Planning Your Trip to the U.S.
For individuals who are currently planning or considering a trip to the United States, this forecast of declining international tourism could have some practical, though potentially localized, impacts on their travel arrangements and overall experience.
- Accommodation Availability: A decrease in the overall number of international tourists, particularly in major cities and popular tourist destinations that traditionally attract a large volume of foreign visitors, could potentially lead to greater availability of hotel rooms and other types of accommodations. Reduced demand from this segment might ease the pressure on bookings, especially during what would typically be peak travel periods in certain locations. This could offer more options and potentially better value for travelers.
- Potential Market Adjustments: While it is not guaranteed to result in widespread price reductions across the board, the softer international demand could potentially influence pricing strategies within the hospitality and travel sectors in specific markets. Travelers might find varying degrees of impact depending on their chosen destination and how heavily it relies on foreign visitors. Staying informed about specific destination trends and booking in advance is still advisable, but there might be slightly more flexibility or opportunities for deals in certain areas compared to periods of peak international demand.
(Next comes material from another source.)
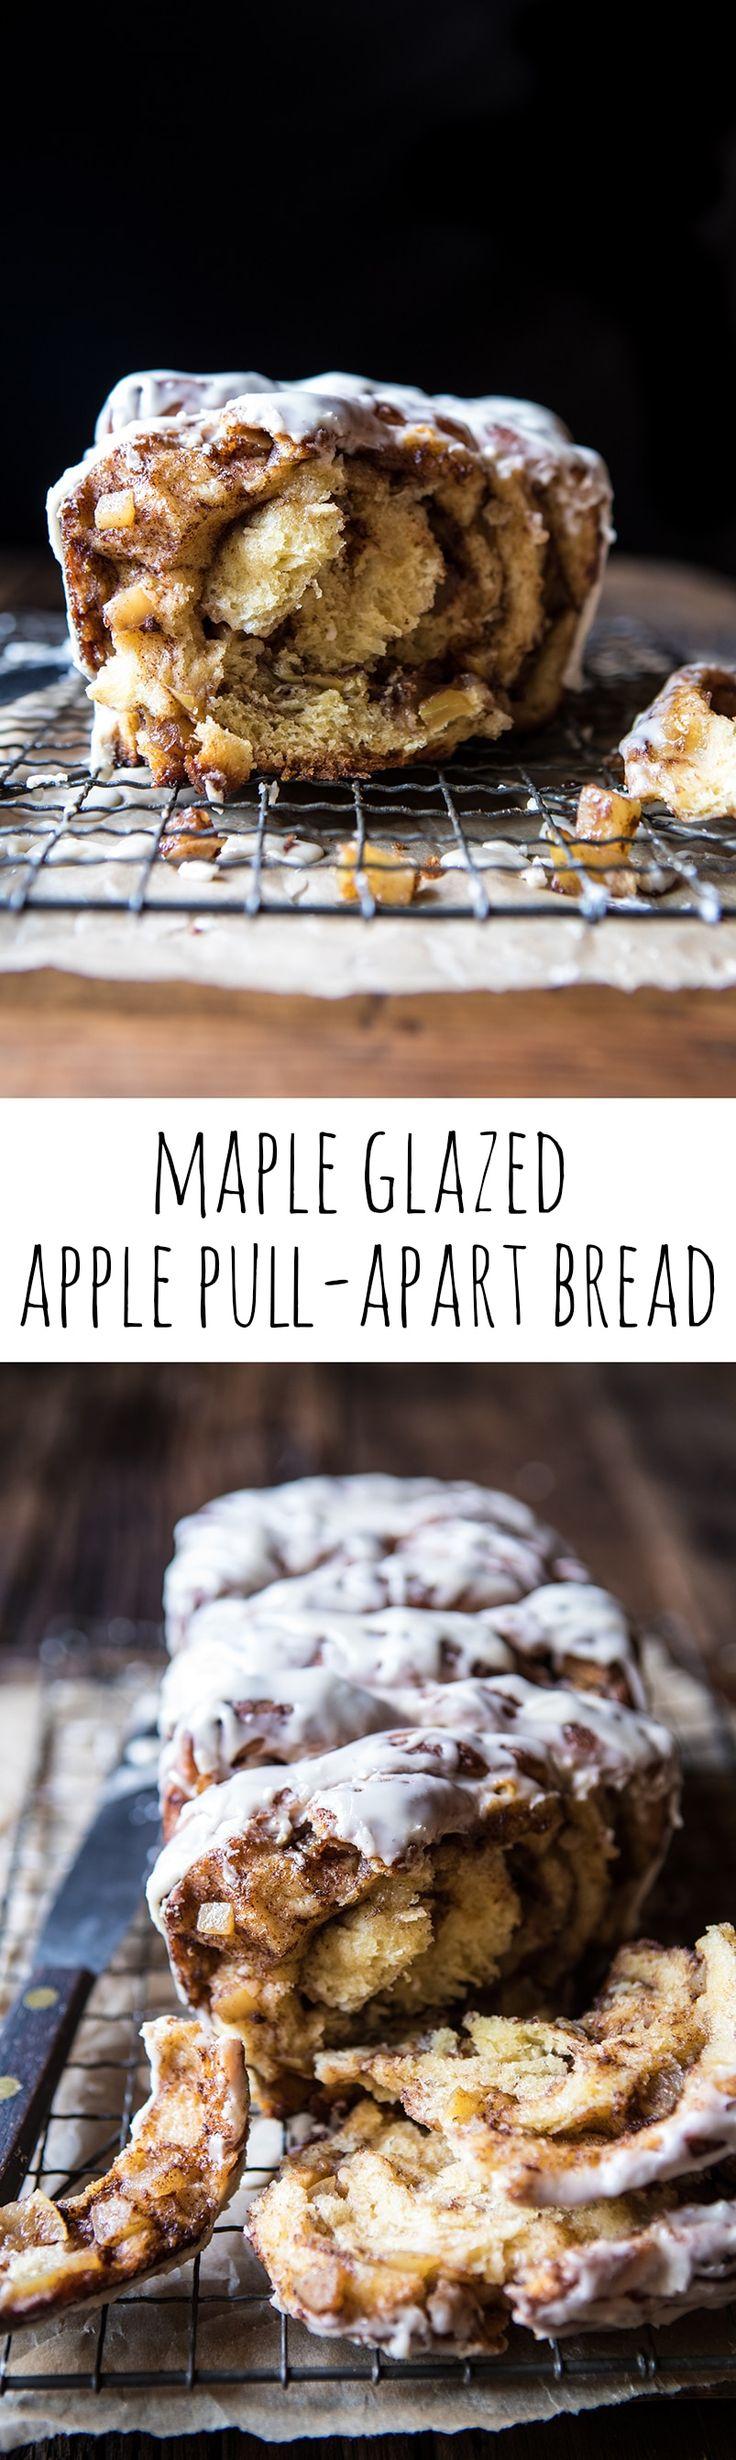 Maple Glazed Apple Pull-Apart Bread | halfbakedharvest.com @hbharvest

The WTTC emphasizes that, without urgent and coordinated action to restore international traveler confidence and address the underlying causes of the decline, the U.S. tourism sector’s recovery to pre-pandemic levels could be a prolonged process. Some analyses suggest it could take several years, potentially not returning to 2019 figures until 2030, if the current trends are not reversed. Addressing this situation will require focused efforts to enhance the country’s image as a welcoming destination and streamline the entry process for legitimate visitors, recognizing the significant economic stakes involved for the nation's economy and the global tourism landscape.